**PROVIDED MATERIAL:**

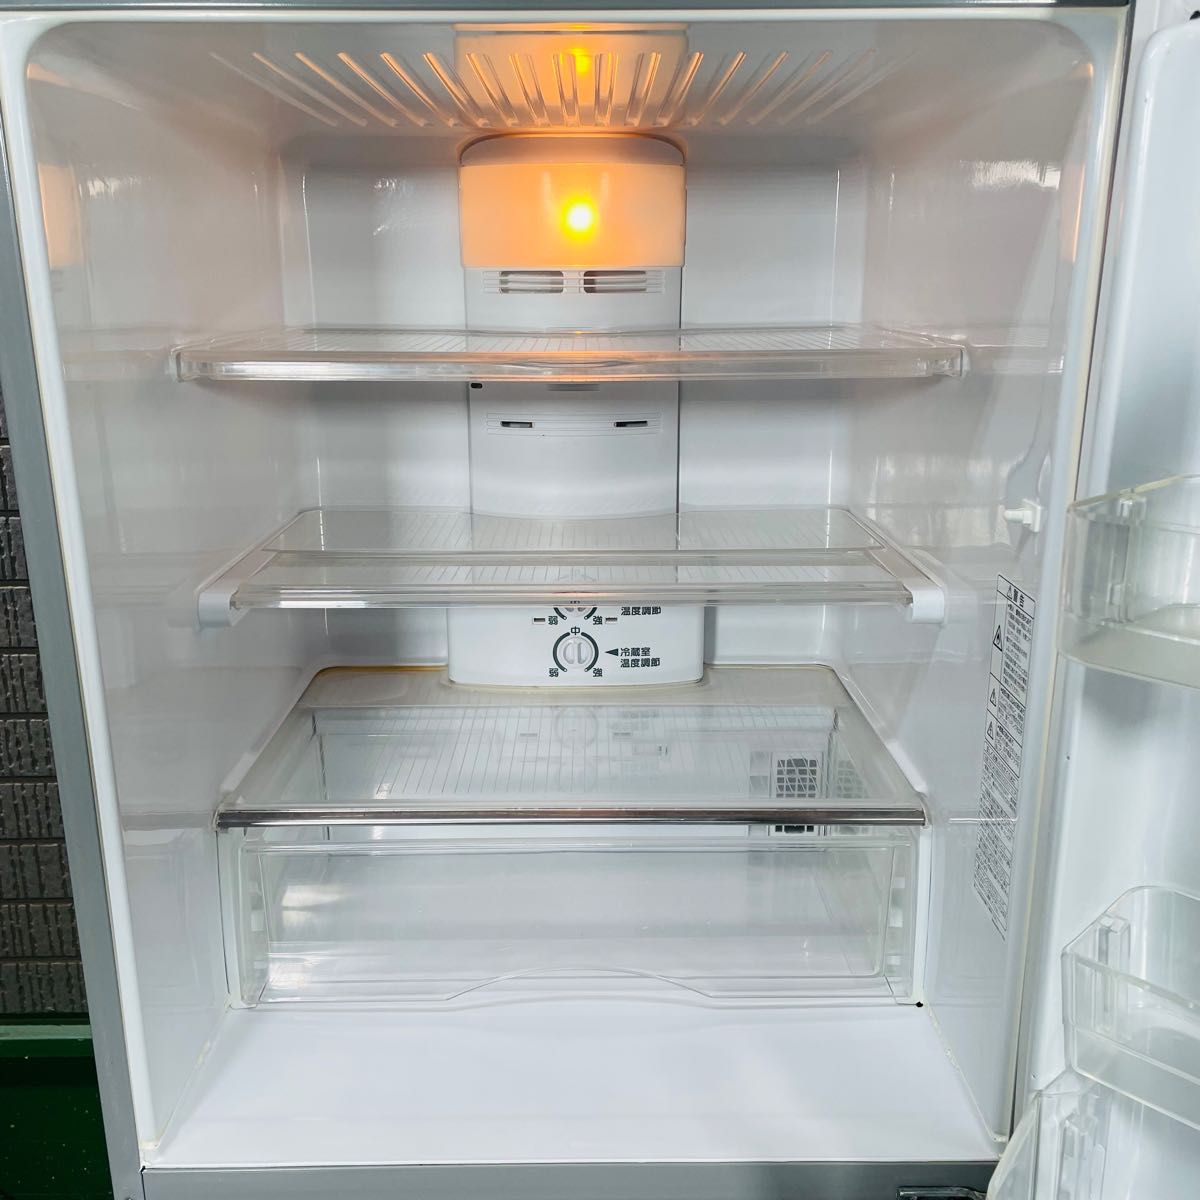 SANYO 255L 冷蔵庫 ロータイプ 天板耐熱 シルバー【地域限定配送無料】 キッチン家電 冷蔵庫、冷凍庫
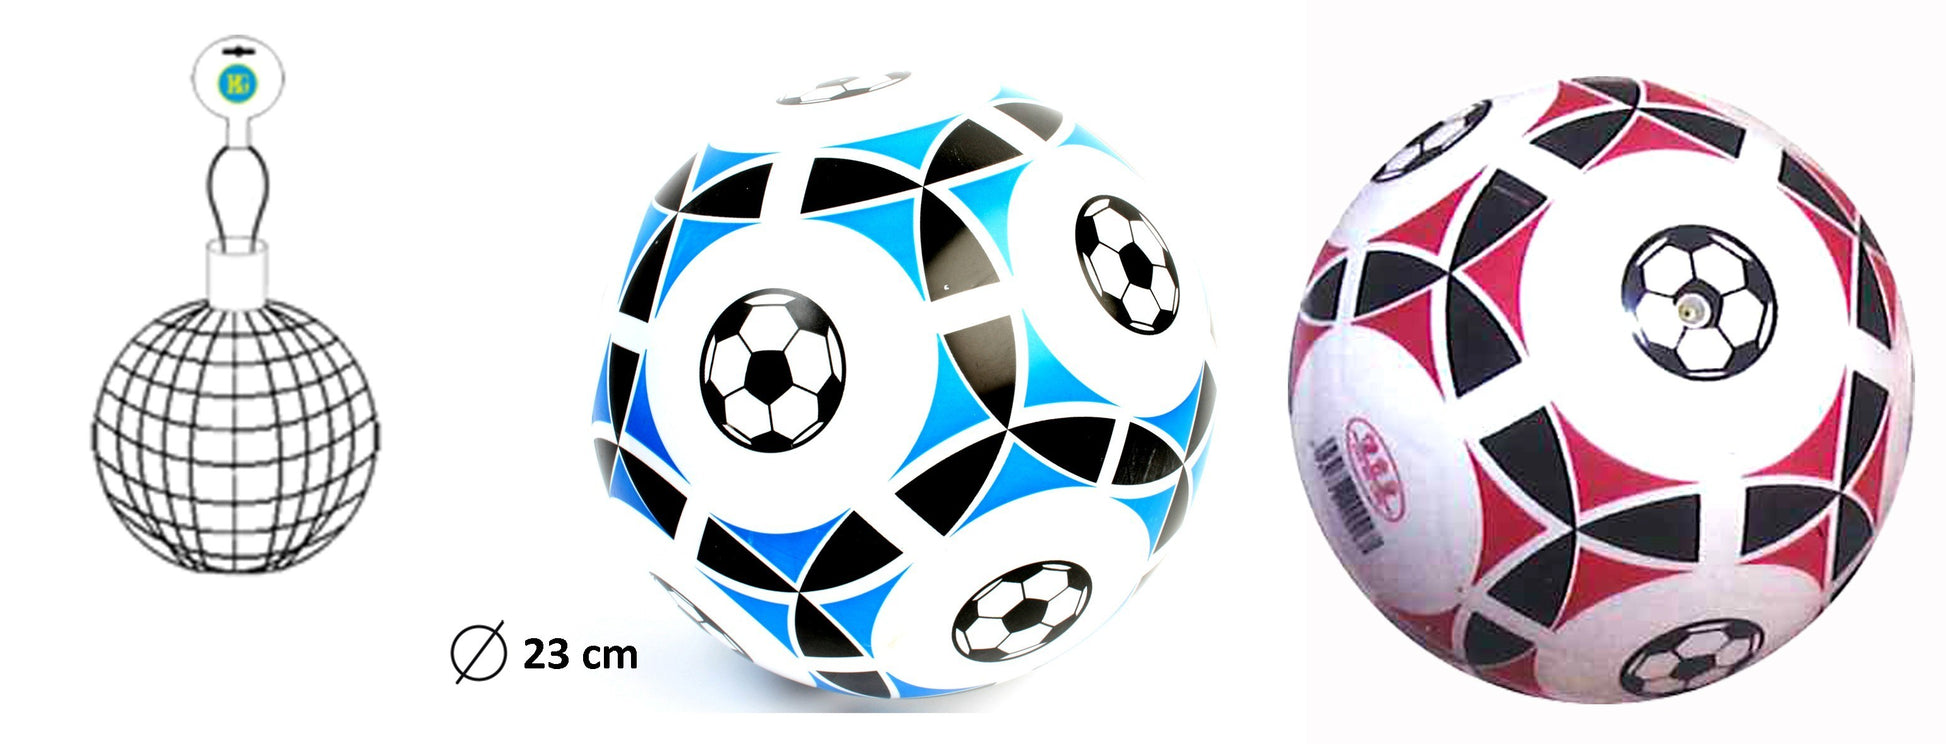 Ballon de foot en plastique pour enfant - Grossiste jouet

* * *

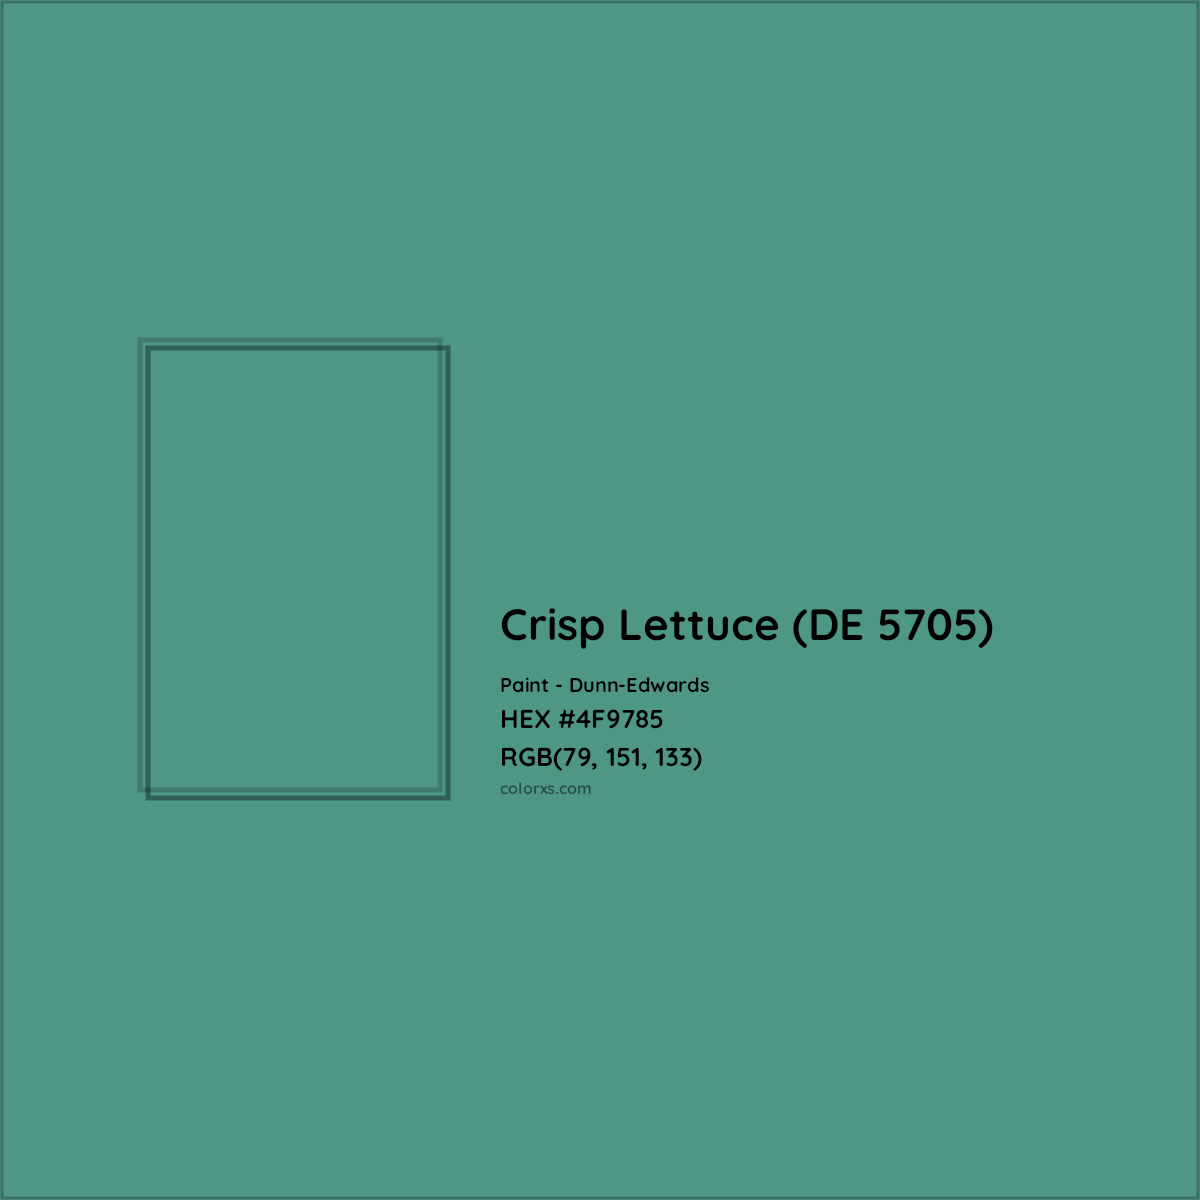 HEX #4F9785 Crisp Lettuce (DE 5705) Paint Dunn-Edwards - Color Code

--

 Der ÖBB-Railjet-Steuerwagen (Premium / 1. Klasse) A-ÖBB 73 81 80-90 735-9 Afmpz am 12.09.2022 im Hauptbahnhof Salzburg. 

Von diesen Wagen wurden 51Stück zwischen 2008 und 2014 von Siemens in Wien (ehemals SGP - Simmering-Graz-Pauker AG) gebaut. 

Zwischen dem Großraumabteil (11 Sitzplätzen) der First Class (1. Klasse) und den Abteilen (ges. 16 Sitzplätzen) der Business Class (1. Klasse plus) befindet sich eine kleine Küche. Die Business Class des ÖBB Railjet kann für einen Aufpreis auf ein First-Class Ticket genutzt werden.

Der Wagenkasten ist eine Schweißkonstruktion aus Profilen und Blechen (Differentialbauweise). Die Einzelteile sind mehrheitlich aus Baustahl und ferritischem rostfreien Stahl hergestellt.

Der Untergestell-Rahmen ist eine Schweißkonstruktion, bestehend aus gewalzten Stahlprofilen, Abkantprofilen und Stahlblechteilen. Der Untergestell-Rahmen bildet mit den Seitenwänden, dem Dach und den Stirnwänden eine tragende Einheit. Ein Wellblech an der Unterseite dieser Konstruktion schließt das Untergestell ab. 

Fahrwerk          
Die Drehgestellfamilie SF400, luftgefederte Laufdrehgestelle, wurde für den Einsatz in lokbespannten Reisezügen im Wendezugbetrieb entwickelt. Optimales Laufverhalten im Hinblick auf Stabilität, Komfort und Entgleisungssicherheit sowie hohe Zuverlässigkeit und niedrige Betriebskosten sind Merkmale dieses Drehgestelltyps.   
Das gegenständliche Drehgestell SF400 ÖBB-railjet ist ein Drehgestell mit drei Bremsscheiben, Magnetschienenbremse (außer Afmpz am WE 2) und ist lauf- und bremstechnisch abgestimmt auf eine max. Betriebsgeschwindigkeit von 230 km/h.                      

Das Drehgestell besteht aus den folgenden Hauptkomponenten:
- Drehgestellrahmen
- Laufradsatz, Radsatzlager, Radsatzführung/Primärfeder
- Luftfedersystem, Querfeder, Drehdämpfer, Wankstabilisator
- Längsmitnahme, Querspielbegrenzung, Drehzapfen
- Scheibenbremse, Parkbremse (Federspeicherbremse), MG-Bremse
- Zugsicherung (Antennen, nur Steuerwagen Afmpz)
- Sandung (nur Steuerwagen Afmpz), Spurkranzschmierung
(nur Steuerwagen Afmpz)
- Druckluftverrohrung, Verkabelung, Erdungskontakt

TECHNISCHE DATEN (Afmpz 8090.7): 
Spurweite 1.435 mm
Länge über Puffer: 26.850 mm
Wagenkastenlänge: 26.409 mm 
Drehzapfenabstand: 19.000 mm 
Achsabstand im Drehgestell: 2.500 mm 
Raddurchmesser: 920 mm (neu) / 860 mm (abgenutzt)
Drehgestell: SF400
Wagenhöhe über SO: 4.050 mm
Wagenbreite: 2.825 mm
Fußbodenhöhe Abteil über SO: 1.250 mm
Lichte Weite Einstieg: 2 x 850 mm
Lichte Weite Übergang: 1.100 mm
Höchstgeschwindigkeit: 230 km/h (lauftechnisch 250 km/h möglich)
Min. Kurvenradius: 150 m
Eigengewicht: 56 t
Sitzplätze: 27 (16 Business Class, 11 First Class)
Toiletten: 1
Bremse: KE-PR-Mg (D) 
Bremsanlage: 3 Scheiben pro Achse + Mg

**WHAT TO DO:** Every line above from the line with "Der ÖBB-Railjet-Steuerwagen (Premium" to the line with "Von diesen Wagen", inclusive, must be returned exactly; no other line belongs in the reply.

**ANSWER SPACE:**
 Der ÖBB-Railjet-Steuerwagen (Premium / 1. Klasse) A-ÖBB 73 81 80-90 735-9 Afmpz am 12.09.2022 im Hauptbahnhof Salzburg. 

Von diesen Wagen wurden 51Stück zwischen 2008 und 2014 von Siemens in Wien (ehemals SGP - Simmering-Graz-Pauker AG) gebaut. 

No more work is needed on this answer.